EXERCISE DESCRIPTION: The full listing, copied exactly and free of pictures, is the expected reply.
MATERIAL PROVIDED Start Marker
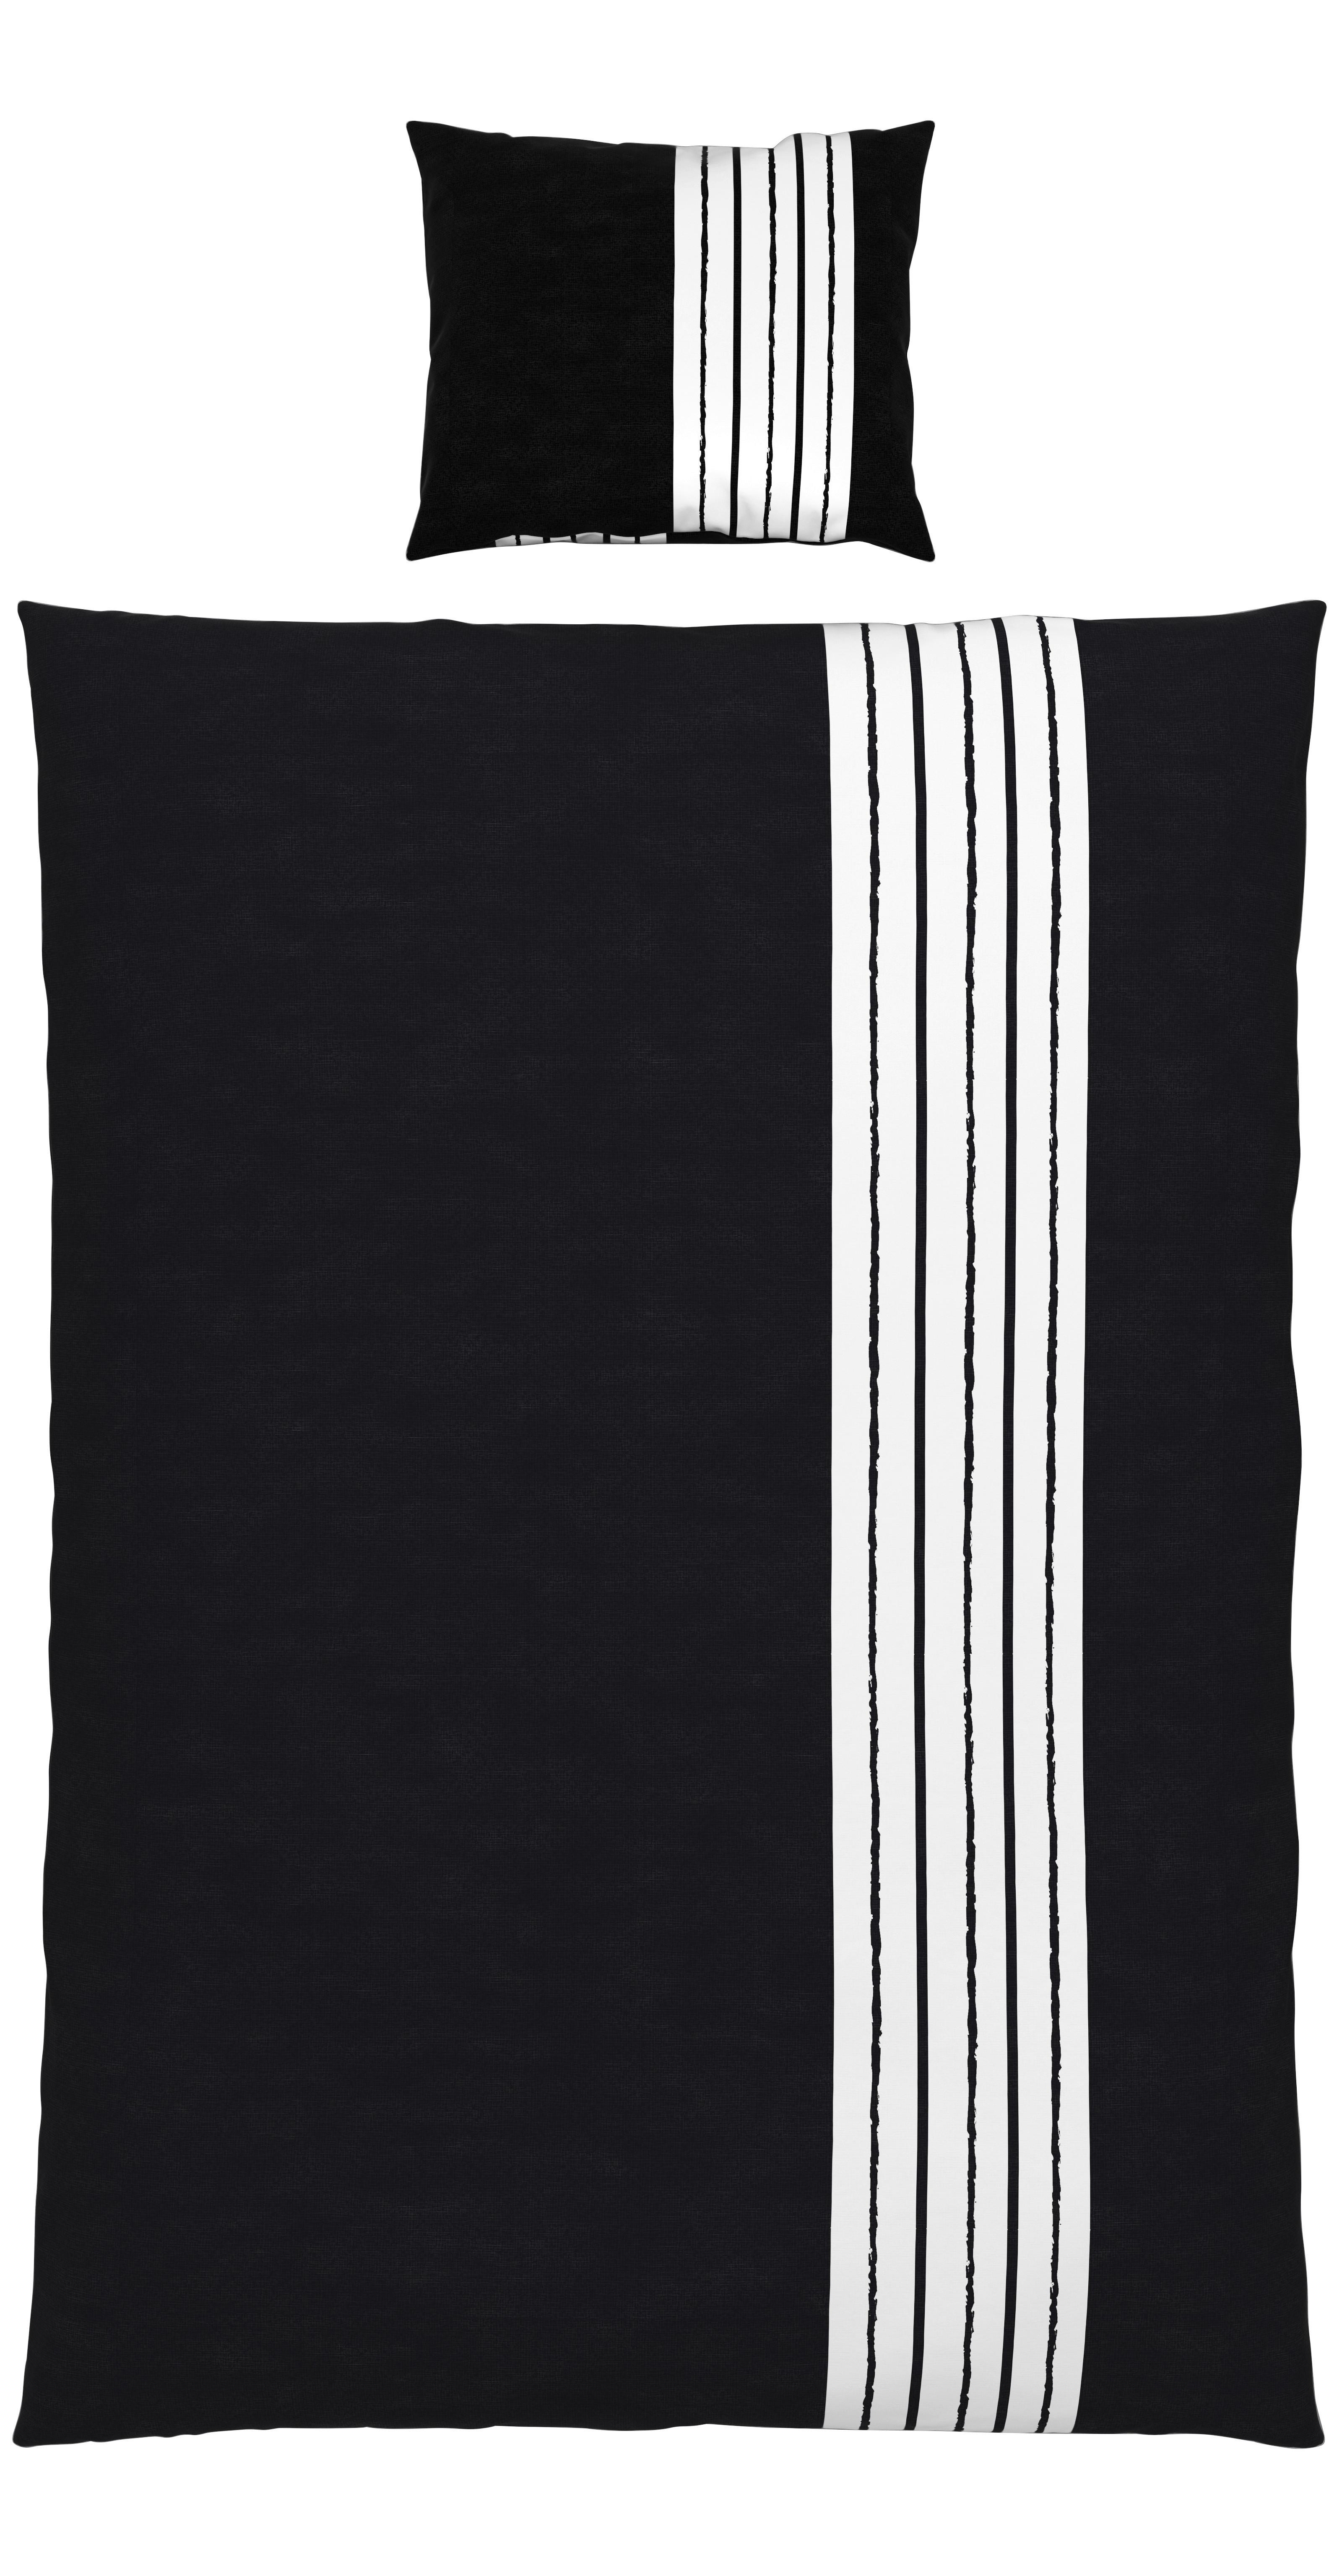 Bettwäsche Stripes in Schwarz/Weiss ca. 160x210cm - Schwarz, Modern, Textil (160/210cm) - Modern Living
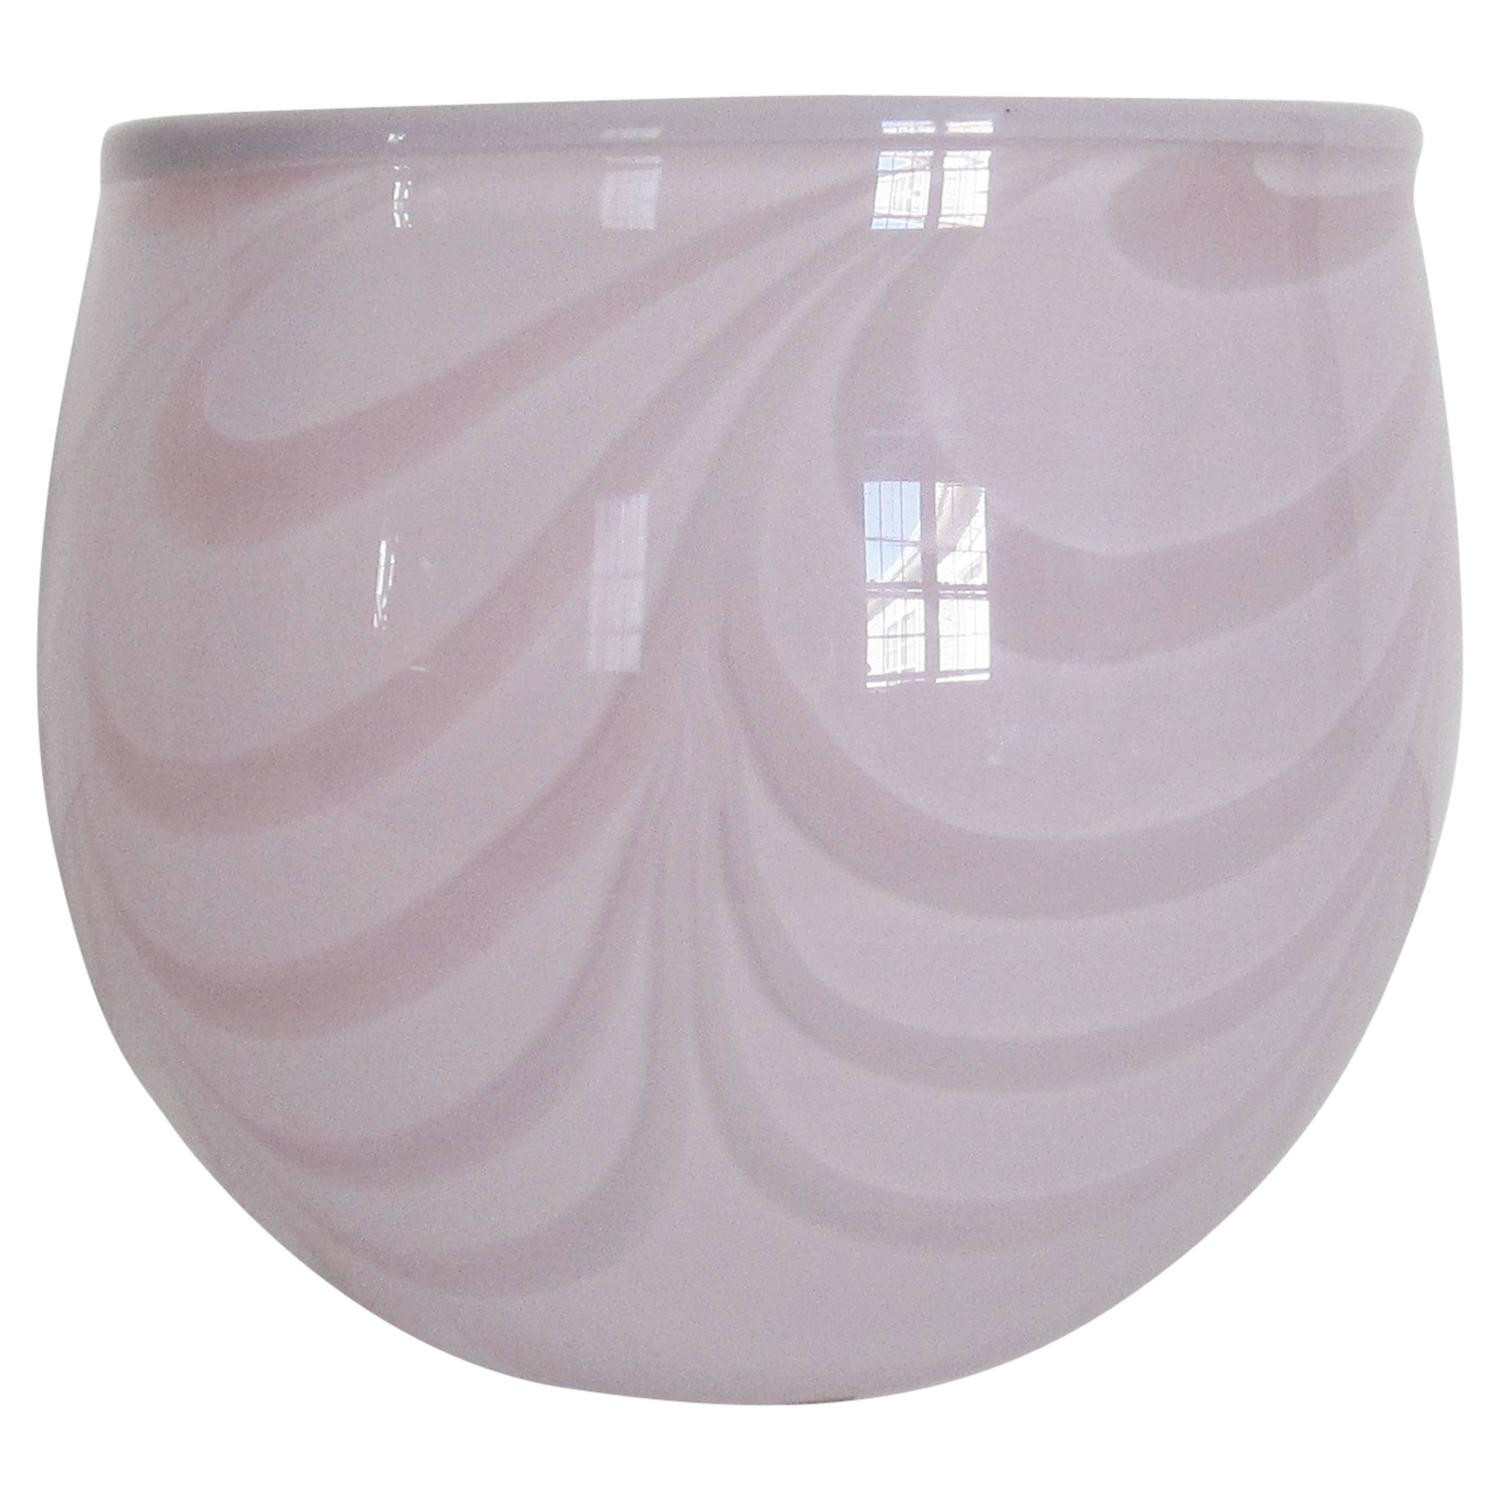 29 Lovely Kosta Boda Crystal Vase 2024 free download kosta boda crystal vase of swedish glass vase by designer kjell engman for sale at 1stdibs inside 3415182 z
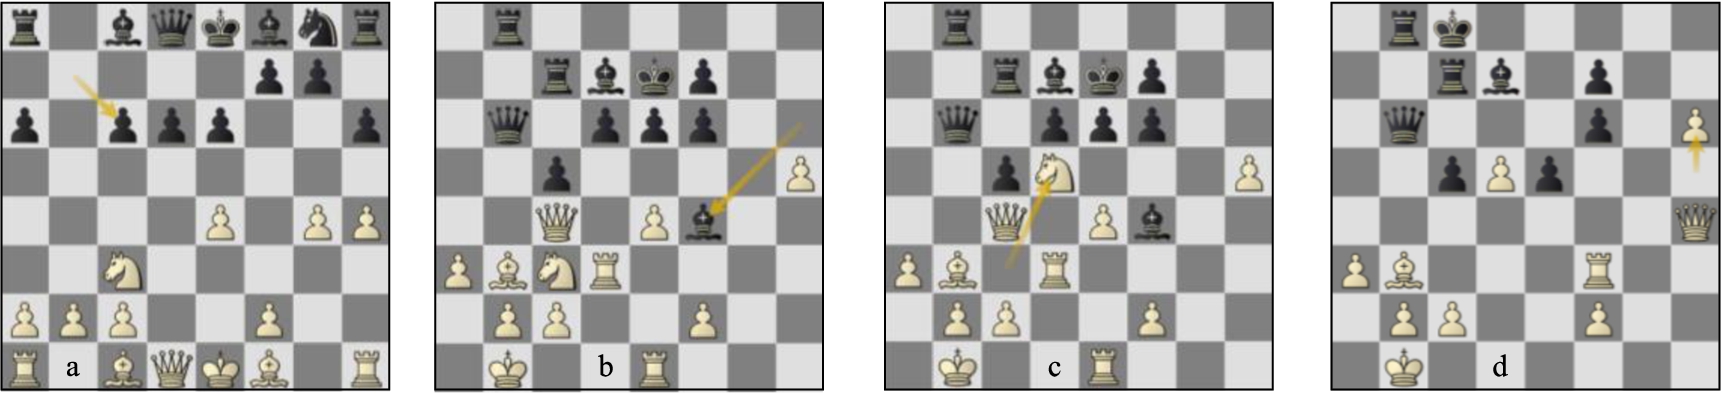 Game 18 St-Lc (a) p9w, (b) p26w, (c) p26b, (d) p31b.
MATERIAL PROVIDED End Marker
SOLVED PROBLEM:
 Bettwäsche Stripes in Schwarz/Weiss ca. 160x210cm - Schwarz, Modern, Textil (160/210cm) - Modern Living
 29 Lovely Kosta Boda Crystal Vase 2024 free download kosta boda crystal vase of swedish glass vase by designer kjell engman for sale at 1stdibs inside 3415182 z
 Game 18 St-Lc (a) p9w, (b) p26w, (c) p26b, (d) p31b.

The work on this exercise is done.